Past discriminatory housing policies continue to fuel an enormous racial divide in homeownership rates. Meanwhile, an upside-down tax system helps the wealthiest households (who are overwhelmingly White) get wealthier while providing the lowest-income families (who are disproportionately people of color) with almost nothing.

What Can Be Done

Building an inclusive middle class hinges on our ability to adopt targeted and effective programs that address the specific needs of low-wealth communities. This approach will strengthen the American middle class as a whole and make our middle class much more racially and ethnically inclusive.

Such policies could include the expansion of first-time homeownership initiatives for those who were denied access

to home mortgage financing in the decades after World War II and up to the present. These could include low-interest loans and down-payment assistance.

Additional initiatives could remove barriers to higher education, especially when targeting first-generation college students and low- and middle-income households. Student debt now exceeds $1.5 trillion and interferes with younger people being able to save money, build wealth, and purchase homes.

These should be accompanied by policies to protect low-wealth families from predatory financial practices, including by strengthening the Consumer Financial Protection Bureau. Predatory auto loans, alongside other forms of predatory debt, are on the rise, fueling potential debt bubbles.

Other ideas include generating wealth for all Americans and transferring it to them directly. Senator Cory Booker, for instance, has proposed the creation of a “baby bond” program that would seed an asset account for every newborn.

According to one study, had such a program been in place in 1979, the wealth divide between young Latinx and White households would have been entirely closed by now, and the wealth divide between young Black and White households would have shrunk by 82 percent.

In addition to programs specifically geared towards historically excluded communities, we need others that look to turn our overall economy right-side up — so those in the working and middle classes receive the majority of the growth they help our economy produce.

We could pay for some of these investments by restoring progressiveness to the US tax system and raising rates on the highest brackets to their post-World War II levels. We could also fix some of the upside-down tax incentives that subsidize the already wealthy and direct investment into opportunities for low-wealth families. Specifically, we should reform the mortgage interest deduction (which can favor people with pricey homes at the expense of ordinary people) and other tax expenditures.
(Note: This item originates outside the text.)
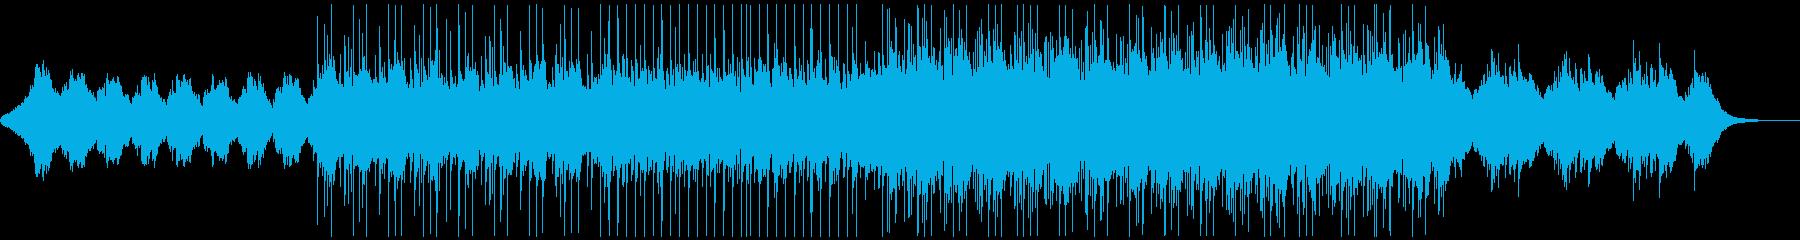 キラキラな透明感 Sの再生済みの波形
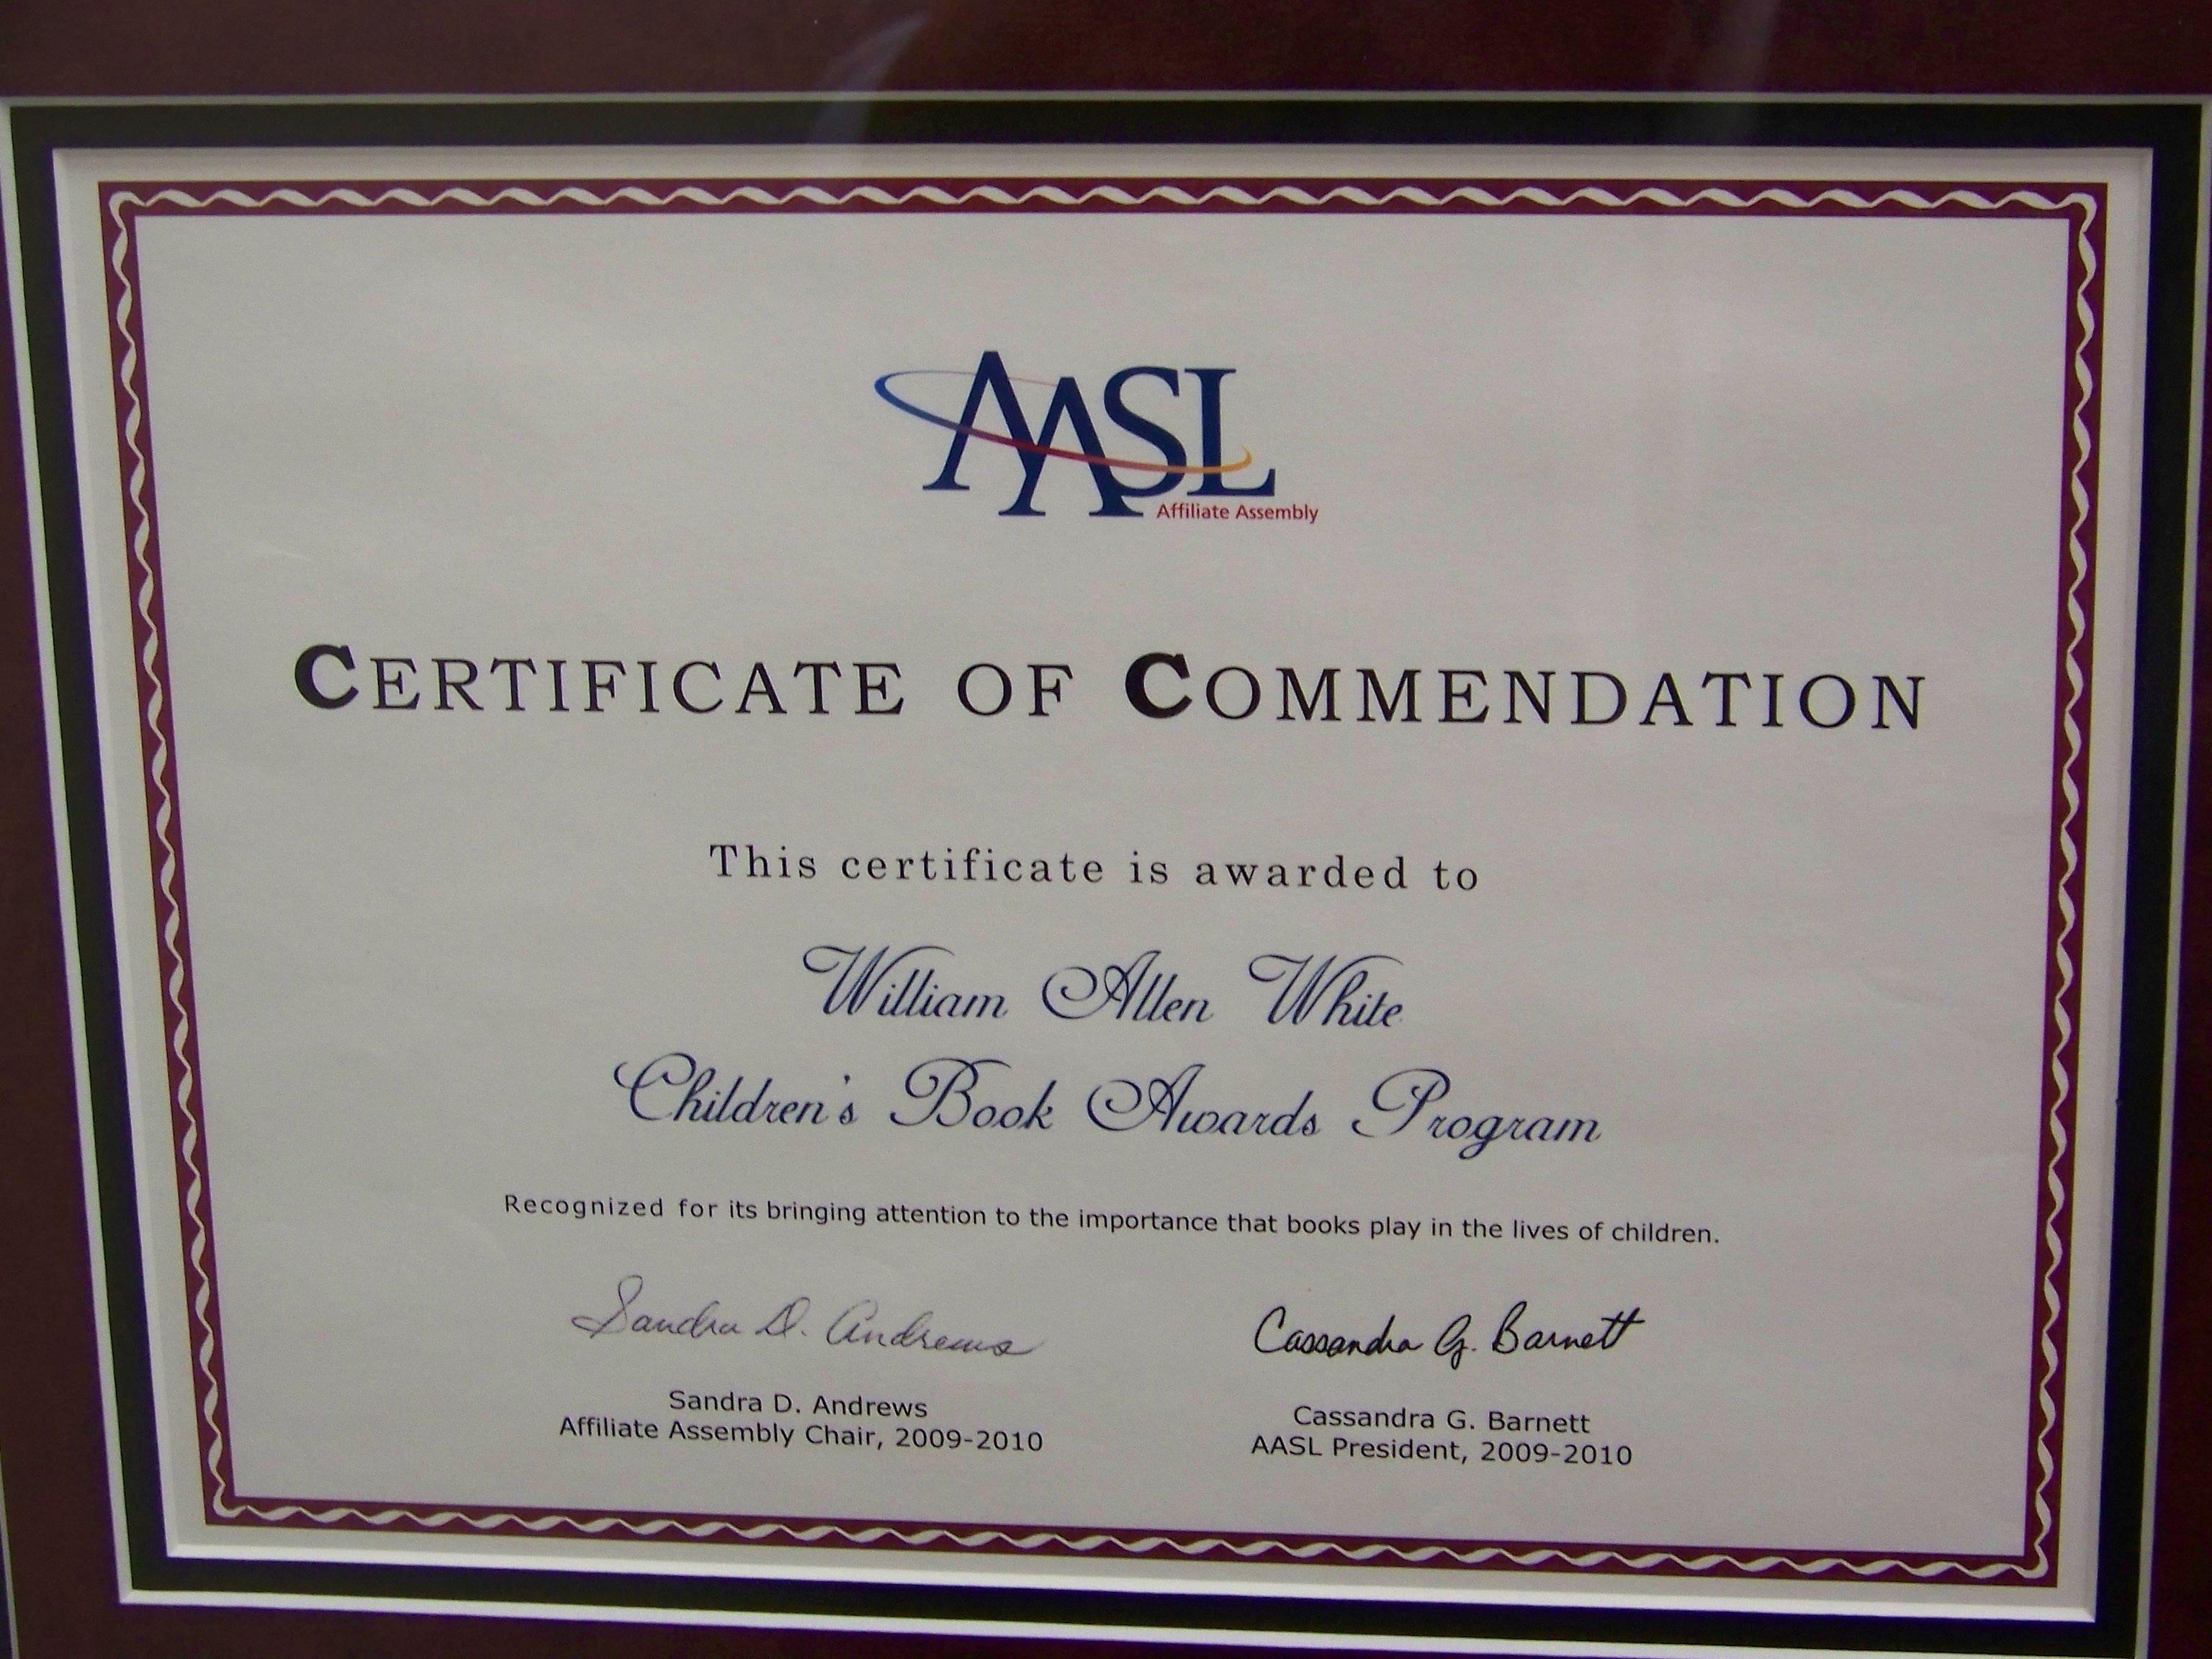 Kasl Aasl Commendation

Add to all these measures common-sense ideas like raising the minimum wage, expanding health care coverage, and taxing the 1 percent to fund education and infrastructure. Together these ideas wouldn’t just close the racial wealth divide — they’d create an economy that works for all Americans, not just the super-rich.

What We Can Build

The creation of a strong American middle class after World War II didn’t happen on its own. It required a healthy, vibrant economy, including significant investments in the ability of Americans to build lasting financial security through homeownership, higher education, and transportation.

But these policies were most often intentionally directed at White communities and away from Americans of color. We’re committing economic suicide if we continue to exclude the coming majority of the country from opportunities to invest in the future. In this century, America must come together to build — for the first time — an inclusive middle-class economy.